To test whether a conversational agent could help improve task success, we built 3 separate multi-turn interaction tools:

a wizard where users selected from options right on the web page
a chatbot where users opened it on the web page and interacted by typing
a voice assistant where users interacted with their voice through a Google Home or Google Assistant on a phone

How we tested the design

We split the testing in 2 parts.

In Part 1, participants could use any section of the prototyped web pages to try to find the answers. They could use the wizard, the chatbot, or any other part of the website.

In Part 2, we made minor changes to some task scenarios, and asked participants to try to find the right answer using only the conversational agents. They tried to complete some tasks using only their voice (with the moderator speaking the part of the voice assistant based on the answers in the chatbot), and others using the chatbot on the prototype.

Results

To get an idea of how successful people were, we counted each time a participant tried one of the interaction tools to find an answer and noted whether they were successful or not.

Wizard: 33 successes out of 38 attempts (87% success rate)

Chatbot: 33 successes out of 41 attempts (80% success rate)

Voice agent: 21 successes out of 33 attempts (64% success rate)

We can’t conclude that these would be the same success rates in real life because of the relatively low number of trials. We do, however, get a good indication that it was easier for people to find answers using the wizard.

What we learned

Running this experiment helped us learn a lot about conversation design and how we can use it to improve services for Canadians.

Language model and training phrases

We learned a lot about training phrases and how to build the language model.

Welcome message: setting the context

The first interaction from the agent should welcome the user, and set the stage by telling the user what it can do.

In our experiment, we tried several different welcome messages:

Hi, let’s try to find the right CRA phone number for you. What do you want to call about?
I can help you find the right CRA number to call. What kind of problem do you need to call about?
To make sure you get the right phone number for CRA, tell me what you need help with.

None of these worked very well.

Most participants simply ignored the message (both with the voice or chatbot). They started framing the conversation using their own words, based on their own assumptions of what the agent could do.

This led to some issues. For example, when the user asked “Can I get a number for…”, the agent matched it to the only “intent” that had the word “number” in the training phrases.

Looking for a number

Screen shows this text:

“Participant 4. Trying to find different numbers”.

Screen shows this text:

“Because he uses the word "number", the agent matches it to the "Business number registration" task”.

Participant:

“Can you please call the CRA business enquiry number?”

Agent:

“To get a business number, go to Business registration...”

Participant:

“Can you give me the number of the Canada child benefit number?”

Agent:

“To get a business number, go to Business registration...”

Participant:

“Can you give me the CRA business number that is related to mistakes and errors on payroll?”

Agent:

“To get a business number, go to...”

Screen shows this text:

“The training phrases were chosen assuming users would listen to the welcome message and understand that they didn't need to say "give me the number for...".

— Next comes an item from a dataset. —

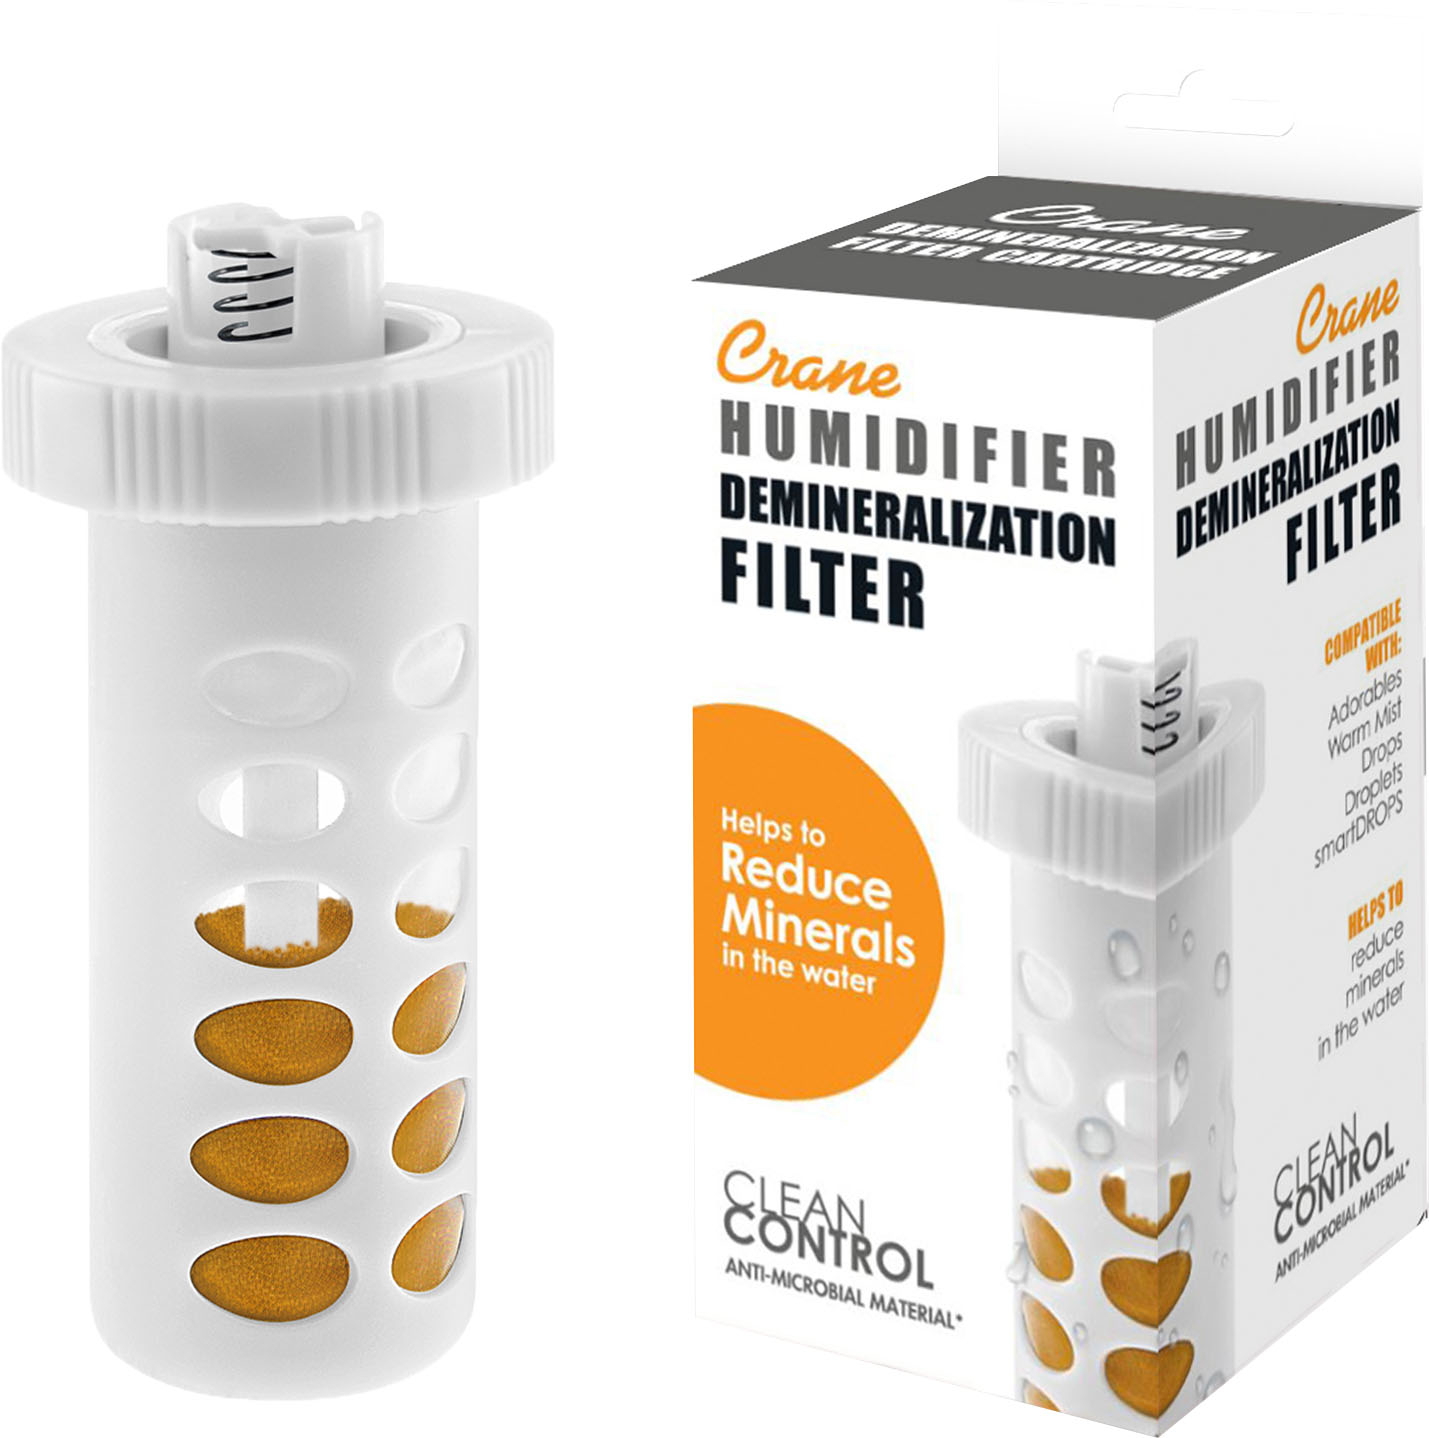 Crane HS-1932 Universal Animal Humidifier Filter for sale online

Training phrases and fallback options have to anticipate how users may not fully grasp what the agent can actually do.

In a conversation, everyone needs to be understood

People have many different ways of saying or writing the same thing. To handle the varied vocabulary users may throw at your agent, you need to carefully curate the training phrases for a specific intent.

For example, if the user wants to change their direct deposit information, they could say:

direct deposit
update my banking info
change my bank account
receive my payment in the right account

This is one of the main strengths of conversational agents: users don’t need to know how the organization would say something. They can use the words that make sense to them.

On the other hand, this makes it challenging for the designer. Even if Natural Language Processing helps, you still need to predict as much variance as possible for your training phrases.

For example, for the “Report a scam” task, we initially didn’t include the word “fraud” in the training phrases. When a tester used that term, the agent couldn’t match what the user was saying to the right “intent.”

Using a word that isn’t in the training phrases

Screen shows this text:

“Participant 15. Looking for the phone number to report a scam.”

Participant:

“Fraud prevention”

Agent:

“I’m having trouble understanding. What do you want to call the CRA about?”

Participant:

“Reporting a fraud”

Agent:

“I’m having trouble understanding. What do you want to call the CRA about?”

Screen shows this text:

“The agent is not able to match the word "fraud" to a response, because it wasn't in the training phrases.”

Screen shows this text:

“Participant tries "scam", which was in the training phrases.”

Participant

“Fraud or a scam”

Agent:

“To report a phone scam, call the Anti-Fraud line at 1-888-495-8501. Goodbye!”

Participant:

“Yeah! Eureka” (participant laughs…)

Screen shows this text:

“Building the right set of training phases is essential to match questions the proper answer”.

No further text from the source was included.